Dataset: Raiders of the Lost Kek: 3.5 Years of Augmented 4chan Posts from the Politically Incorrect Board

Explore at:
5 scholarly articles cite this dataset (View in Google Scholar)
bin, pdfAvailable download formats
Dataset updated
Jul 22, 2024
Dataset provided by
Zenodohttp://zenodo.org/
Authors
Antonis Papasavva; Savvas Zannettou; Emiliano De Cristofaro; Gianluca Stringhini; Jeremy Blackburn; Antonis Papasavva; Savvas Zannettou; Emiliano De Cristofaro; Gianluca Stringhini; Jeremy Blackburn
License

Attribution 4.0 (CC BY 4.0)https://creativecommons.org/licenses/by/4.0/
License information was derived automatically

Description

This is the dataset released with the paper titled: "Raiders of the Lost Kek: 3.5 Years of Augmented 4chan Posts from the Politically Incorrect Board".
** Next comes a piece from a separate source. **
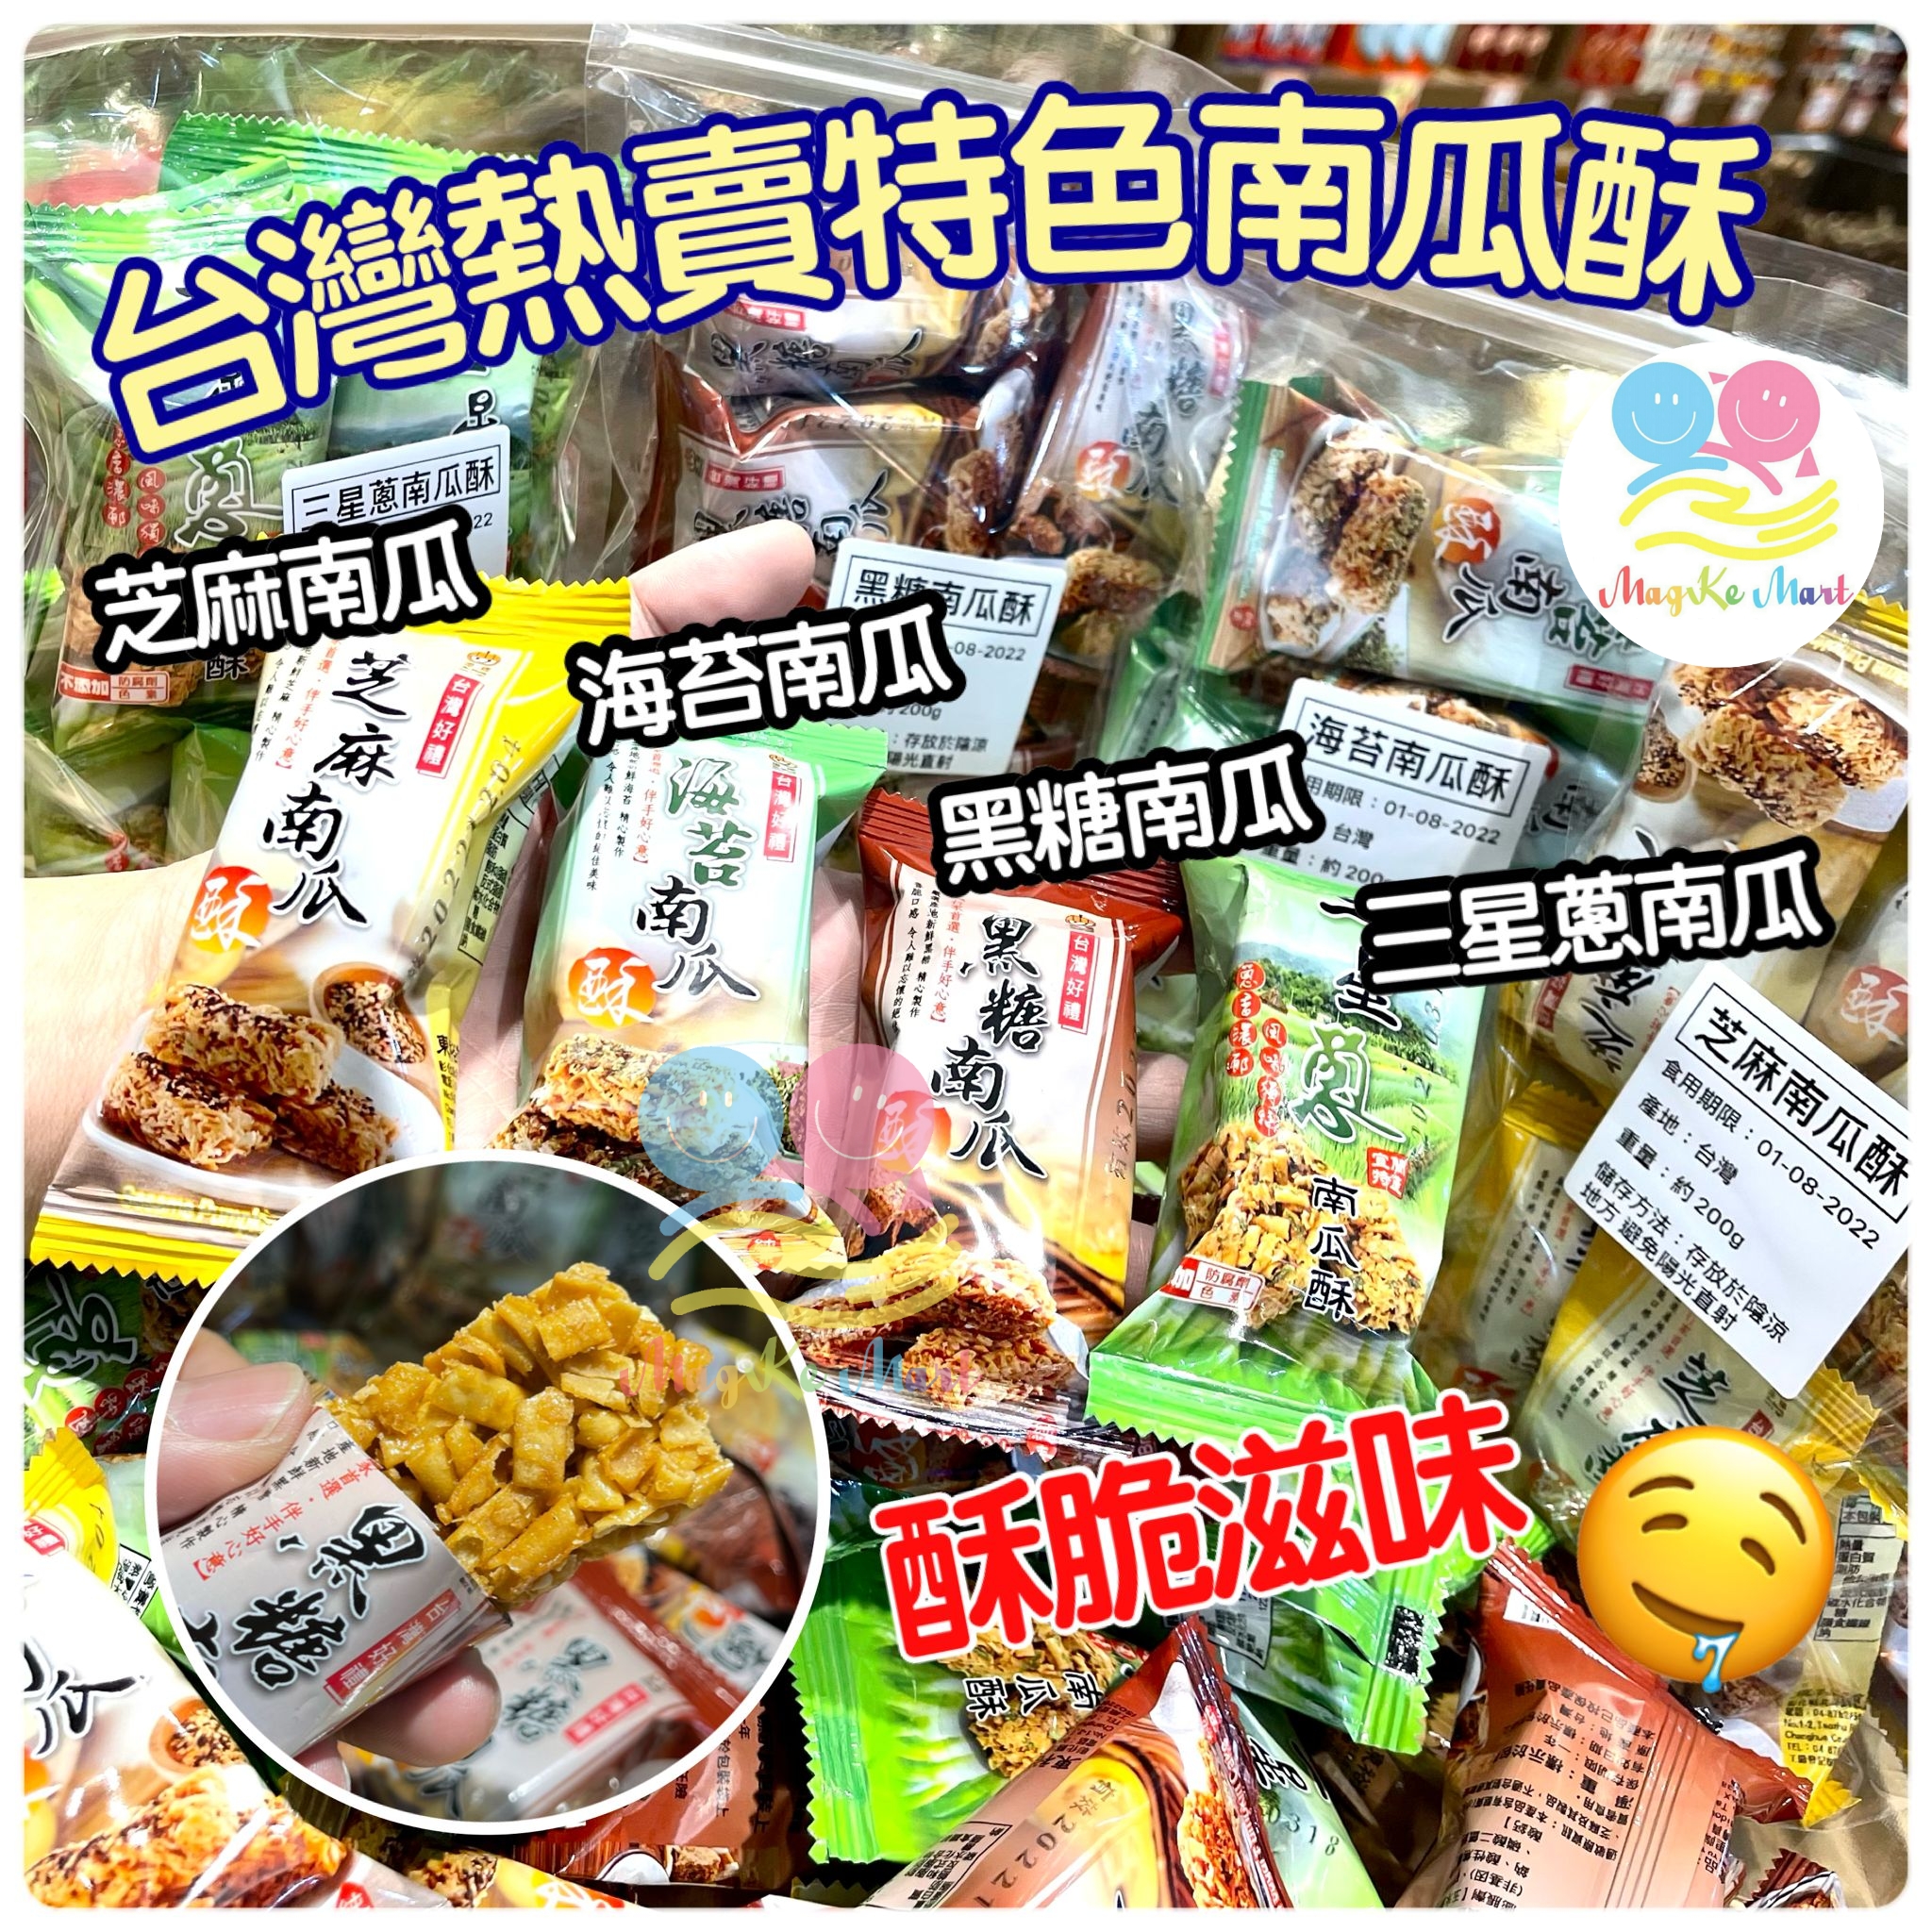 台灣熱賣經典南瓜酥 200g (C) 芝麻南瓜酥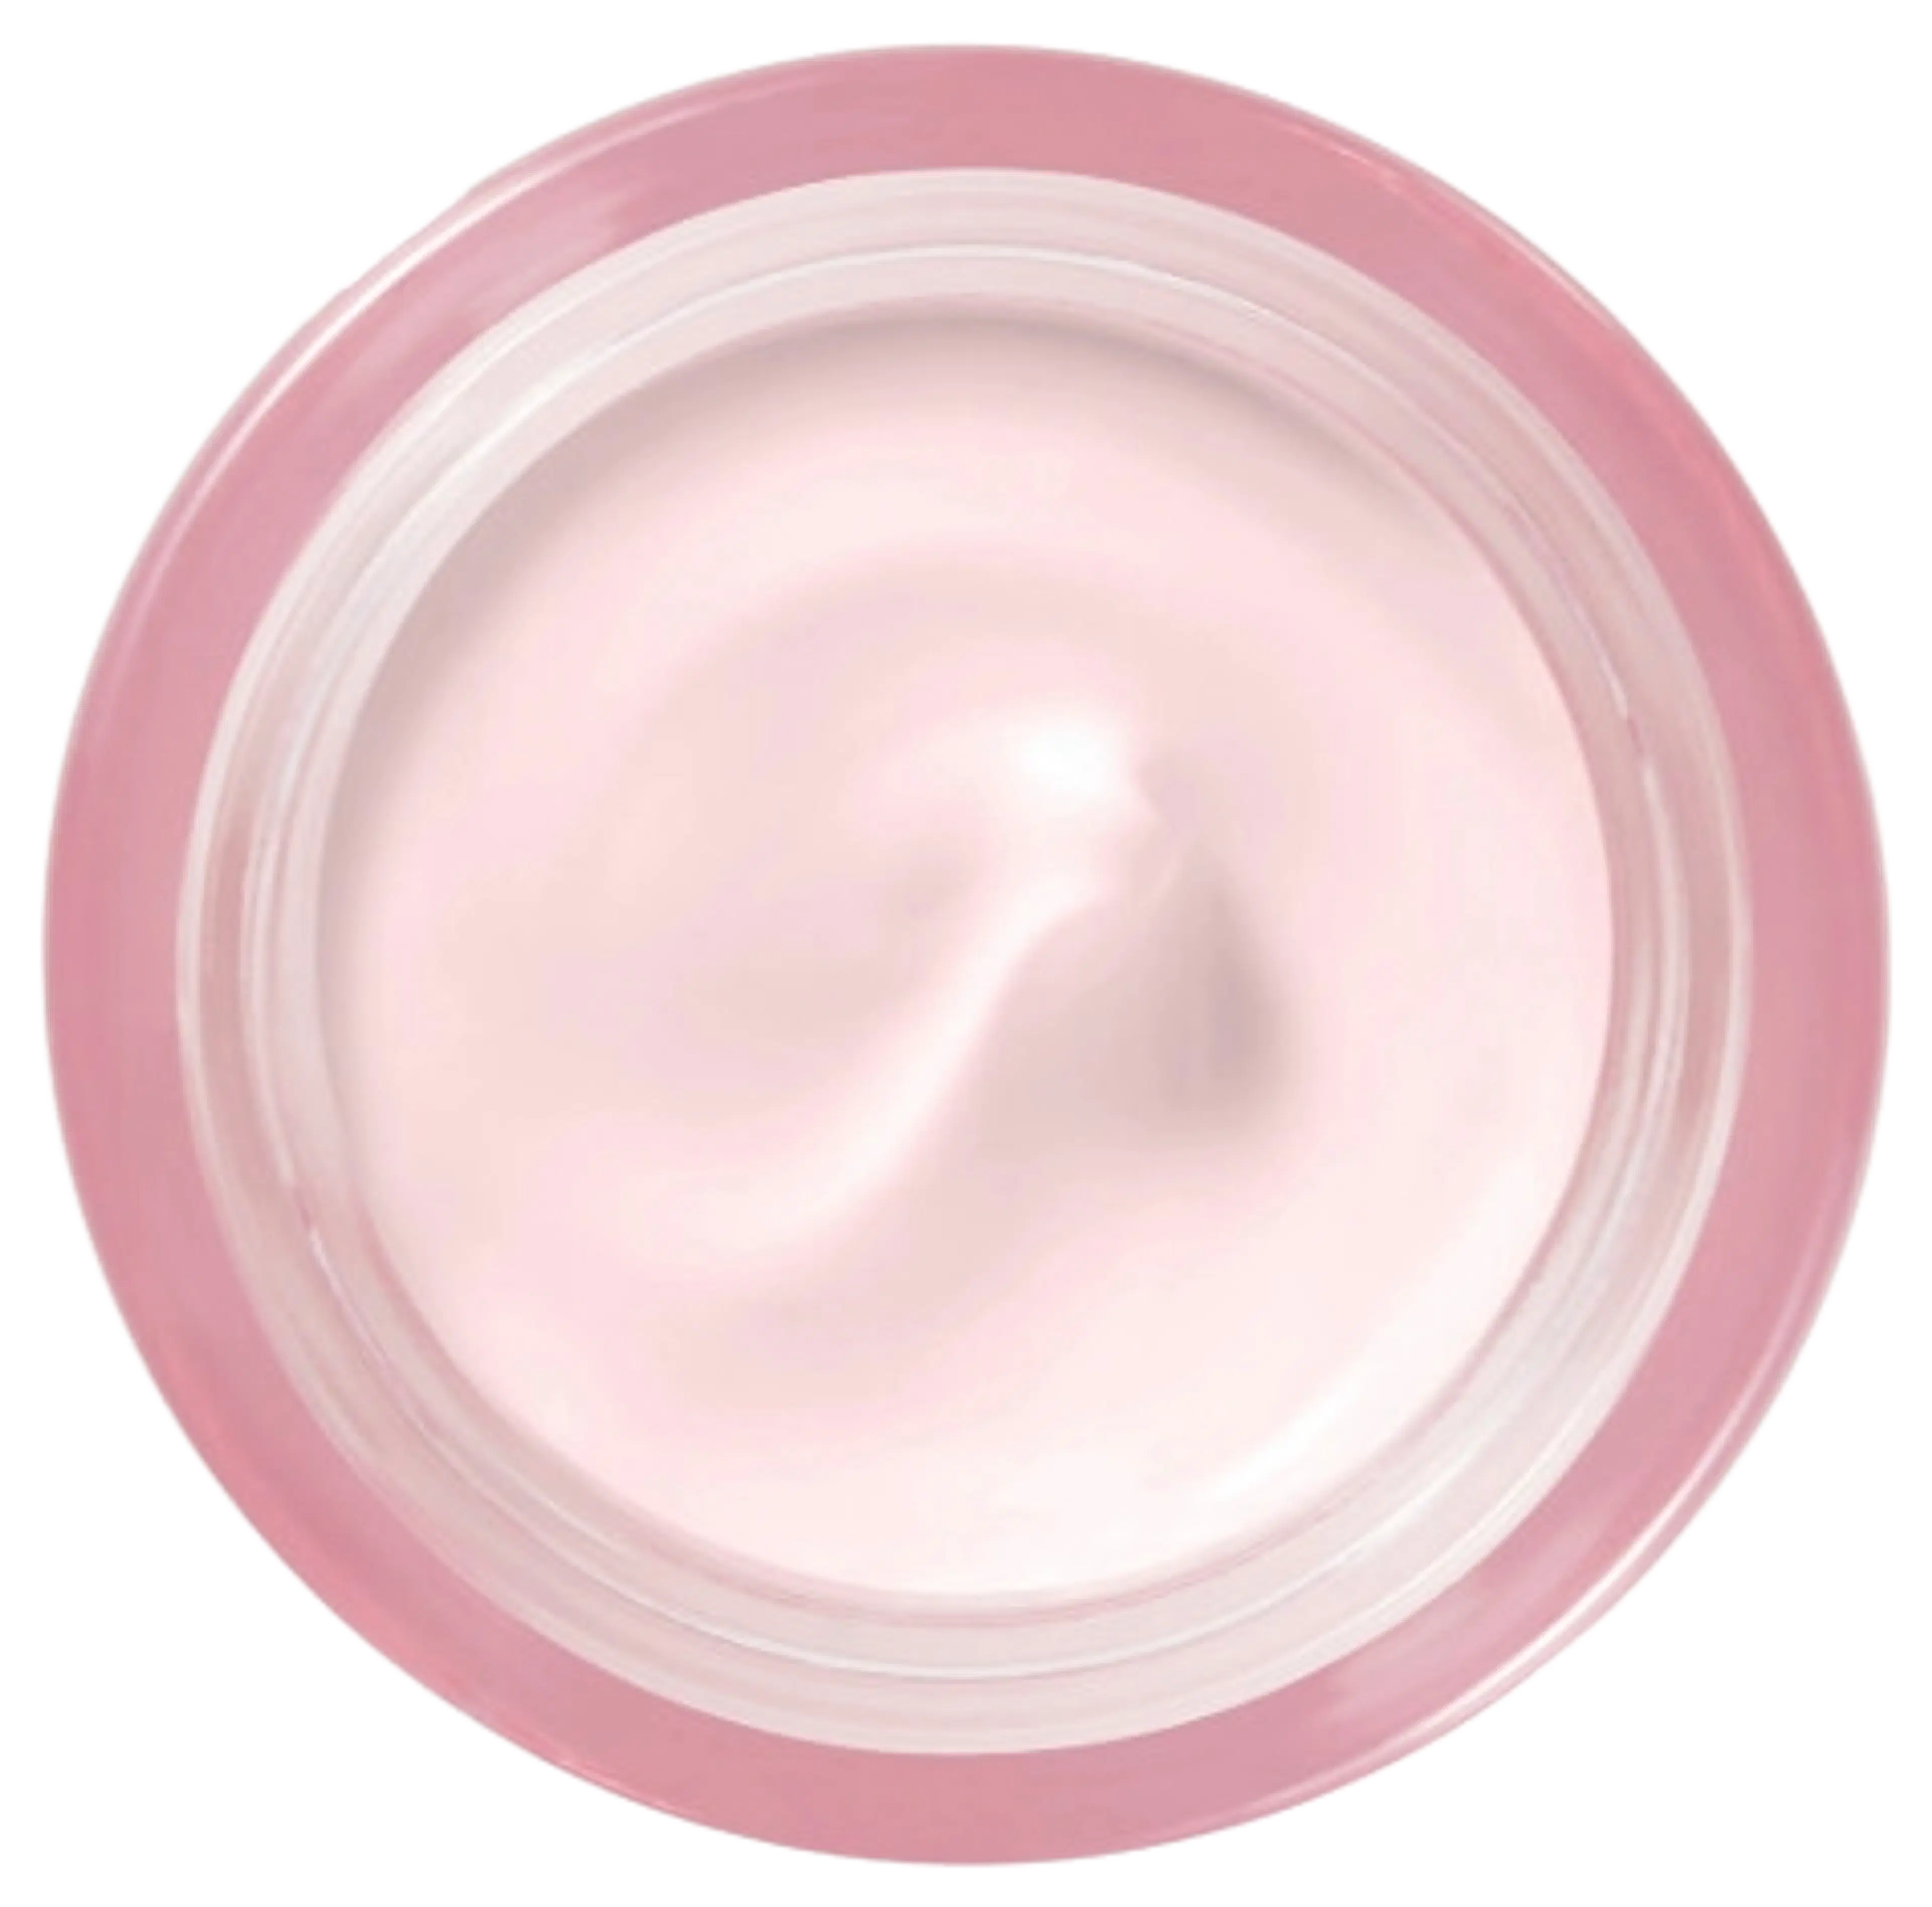 Lancôme Hydra Zen Cream kosteusvoide 50 ml

The dataset is a single Newline delimited JSON file. Each line in the file consists of a JSON object which is a full 4chan /pol/ thread. The JSON objects contain all the key/values returned by the 4chan API, along with three additional keys (entities, perspectives, and extracted_poster_id).

For each JSON object we complement the data with the list of the named entities we detect for each post, using the spaCy Python library. In addition, for each post we add scores returned by the Google’s Perspective API, and more specifically seven scores in the [0; 1] interval.

For the detailed description of every key in the JSON structure, along with the type of the value, please read the readme.pdf file provided with this dataset.

If you find our dataset useful, please cite our paper:

@article{papasavva2020raiders,
 title={Raiders of the Lost Kek: 3.5 Years of Augmented 4chan Posts from the Politically Incorrect Board},
 author={Antonis Papasavva, Savvas Zannettou, Emiliano De Cristofaro, Gianluca Stringhini, Jeremy Blackburn},
 journal={14th International AAAI Conference On Web And Social Media (ICWSM), 2020},
 year={2020} 
}

How to extract the data:

Note that the data is compressed. See the instructions below on how to extract the data:

  • Linux and Mac

Step 1: Open a terminal window and navigate to the path where the file pol_0616-1119_labeled.tar.zst is located.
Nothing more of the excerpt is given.